The perpetuum mobile of privatisation

Privatisation is a truly fantastic thing. Privatising public services would result in four benign consequences, we are told: (1) the production of services becomes more efficient and, therefore, cheaper; (2) the quality of the services is improved; (3) the cost of services for the consumer is reduced; and (4) companies providing these services can still make a profit. And this all as a result of private services being subject to the competitive pressures of the free market. Like a perpetuum mobile, a hypothetical machine which continues to function once activated, privatization would have an inevitable and continuing positive impact once implemented. In this post, I will critically evaluate these claims against the background of my research on the Italian water movement against privatisation (see Road to Victory and La lotta continua) and discuss why it is that this discourse continues to enjoy such widespread acceptance, although it is empirically so obviously wrong.


Privatising water in Italy – the empirical developments on the ground.

Water privatisation in Italy started in the late 1990s, early 2000s especially in the region of Tuscany but also some other locations in central Italy.

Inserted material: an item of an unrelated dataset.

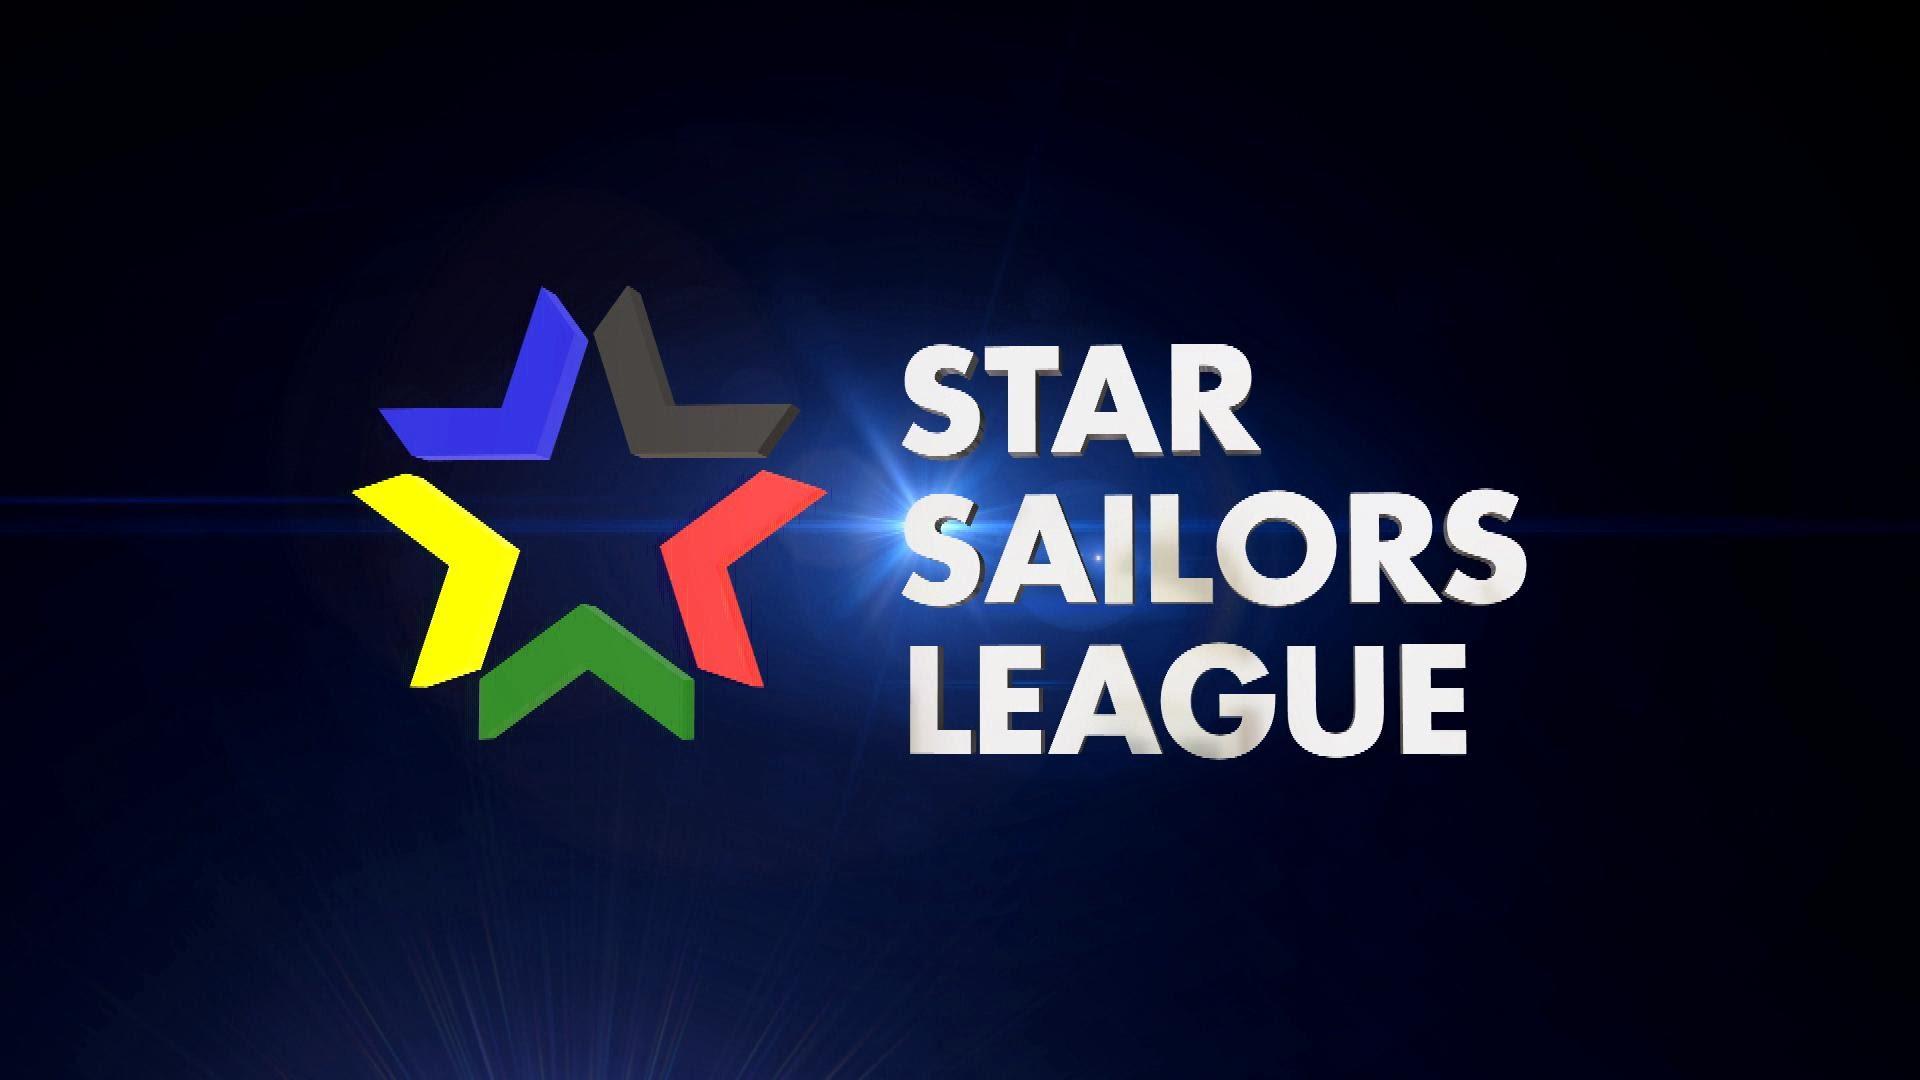 Sport : Stars Sailors League - Race 7 Day 3

Suez arrived in Arezzo in 1998 and in Firenze in 2001. In 1999, Veolia bought a stake in the water company in Aprilia in the region of Lazio. Almost immediately upon privatisation, prices for consumers increased drastically, while investment in the maintenance of infrastructure went down. As one of my interviewees told me, the price for water in Arezzo is now four times as high as in Milano, where water services are still run by a publicly owned company. Less investment in infrastructure, in turn, undermines the quality but also efficiency of managing water provision in the future.

Privatisation in other areas and countries have also taught us that they generally come hand in hand with downward pressure on wages and working conditions of these companies’ employees. As a result of the privatisation of some units of the National Health Service (NHS) in the UK, for example, pension benefits have been cut and salaries eroded, resulting in a two-tier workforce in the health system overall, with employees in the privatised part being employed on inferior conditions to employees in the public part. Of course, it is only a matter of time until the currently better conditions of the latter will be assimilated to the conditions in the private sector as a result of market competition.

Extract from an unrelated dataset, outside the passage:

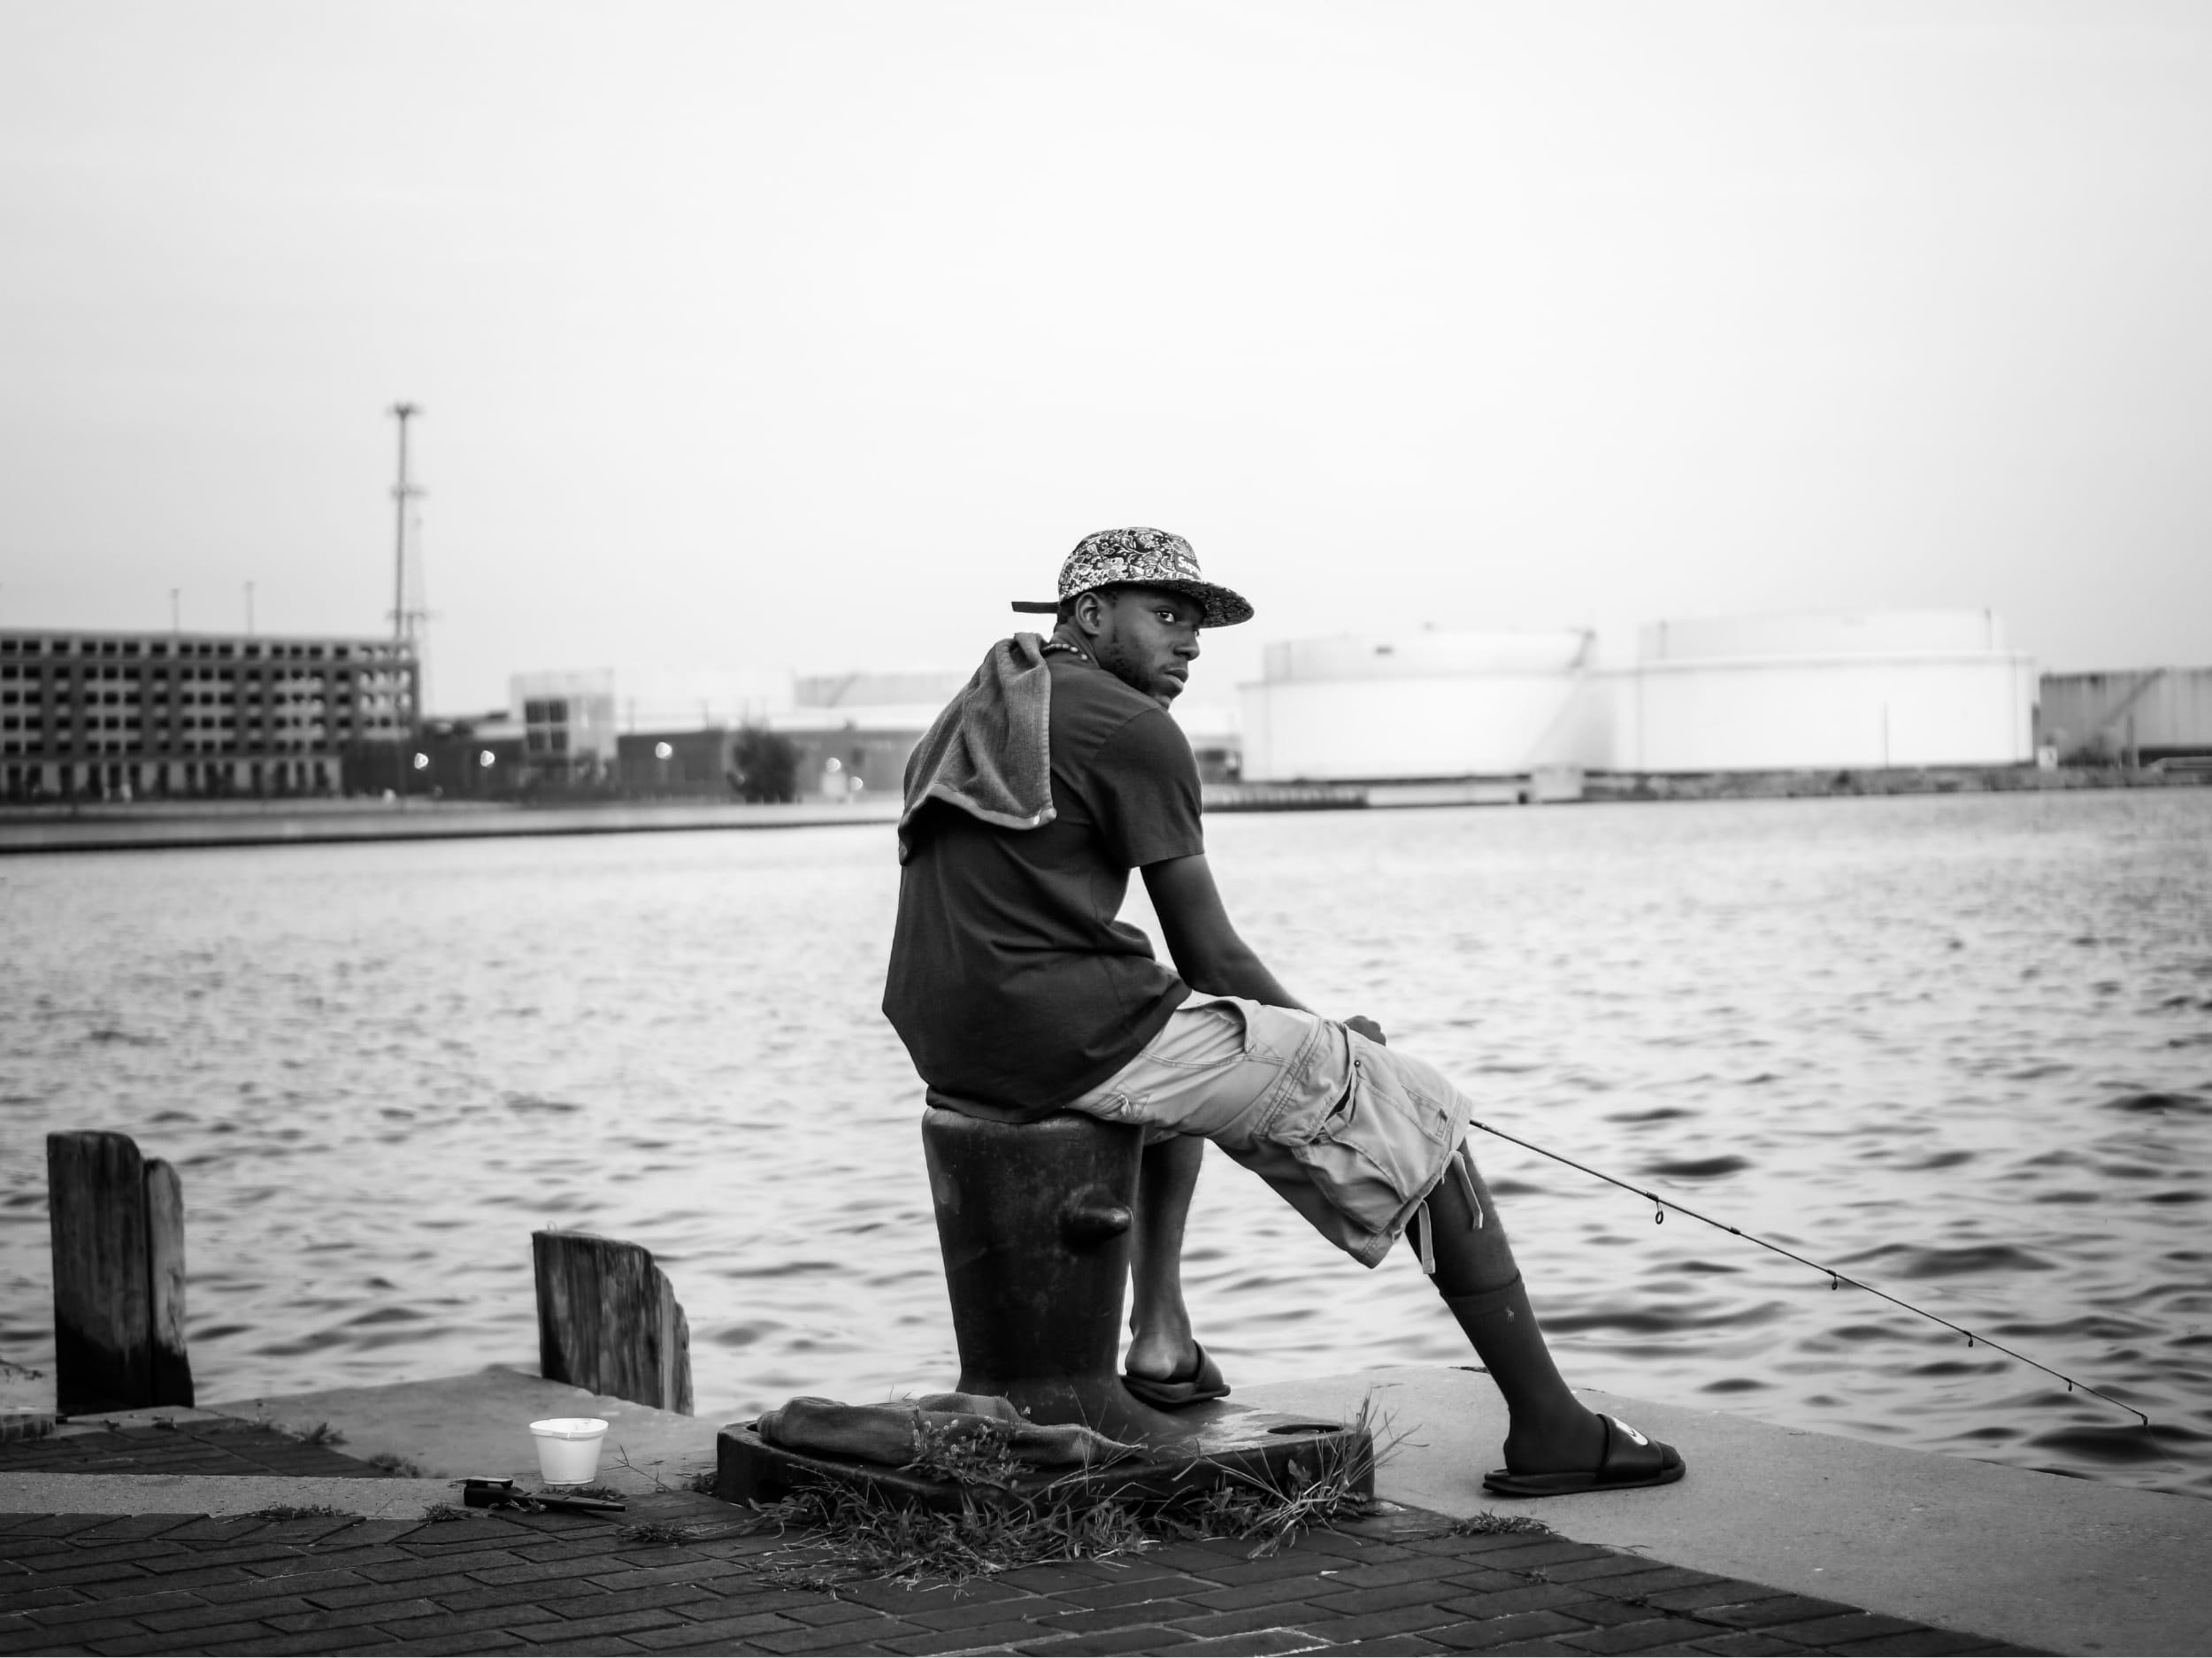 Canton Fisherman

In short, these fantastic, mysterious benefits of the perpetuum mobile of privatisation do not materialise in reality. Why is this?


The objective of capitalism: profit maximisation.

In the capitalist social relations of production, it is not only workers, which reproduce themselves through the market, but also employers, capital. They are in constant competition with other capitalists for market share. Should they be unsuccessful, they will go bankrupt. It is this constant competitive pressure, which makes capitalism such a dynamic production system, but also implies that it is prone to periodic crises as a result of overaccumulation (David Harvey), a situation when no further profitable investment opportunities can be found for the re-investment of profits from past business dealings.

Photo by Adolfo Lujan

Importantly, the purpose of making profits is not to satisfy any specific needs of capitalists. Despite of all the fancy cars, luxurious yachts and expensive houses individual capitalists may buy themselves, they will never be able to use up all the profits in their own private consumption. They are simply too high and this not only for the 400 richest people in the world. Instead of private consumption, profits constantly have to be re-invested in order to generate yet further profits and, thus, stay ahead under the pressures of capitalist competition. The type of production, in which profits are invested, does not matter. Money is used to generate yet more money. This is the current problem. We are in a situation of overaccumulation, in which the enormous amounts of private wealth in the global economy find it increasingly difficult to establish new opportunities for profitable investment. And this is the moment, when the privatisation of public services comes in.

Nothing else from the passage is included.